The Mill Covered Bridge is a wooden covered bridge that crosses the North Branch Lamoille River on Back Road in Belvidere, Vermont. Built about 1890, it is one of two surviving covered bridges in the rural community. It was listed on the National Register of Historic Places in 1974.

==Description and history==
The Mill Covered Bridge stands in a rural area west of the village center of Belvidere, carrying Back Road (which runs west from the town north of the river) to its junction with Vermont Route 109 (which runs west from the town south of the river). The bridge is a single-span Queen post truss structure, 70 ft long and 15 ft wide, with a roadway width of 12 ft (one lane). Its trusses are set on abutments of dry laid stone that have been capped in concrete. They are set slightly skewed, giving the bridge a parallelogram shape. The exterior of the bridge is finished in vertical board siding, which extends around to the insides of the portals. The siding ends short of the roof on the sides, leaving an open strip. The north portal opening is framed as a segmented-arch opening, while that on the south end is rectangular with diagonal corners. The bridge deck is wooden planking laid in steel I-beams, which now carry the bridge's active load.
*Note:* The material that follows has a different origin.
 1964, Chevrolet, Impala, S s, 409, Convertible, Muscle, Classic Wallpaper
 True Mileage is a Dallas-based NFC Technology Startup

The bridge was built by Lewis Robinson in about 1890. It is one of two bridges in Belvidere (the other, the Morgan Covered Bridge, is east of this one), and one of five bridges across the North Branch Lamoille in a span of five miles. The steel beams were installed under the deck of the bridge in 1971 after a contractor's snowplow broke through. The trusses were repaired in 1995 by Jan Lewandoski and Paul Ide.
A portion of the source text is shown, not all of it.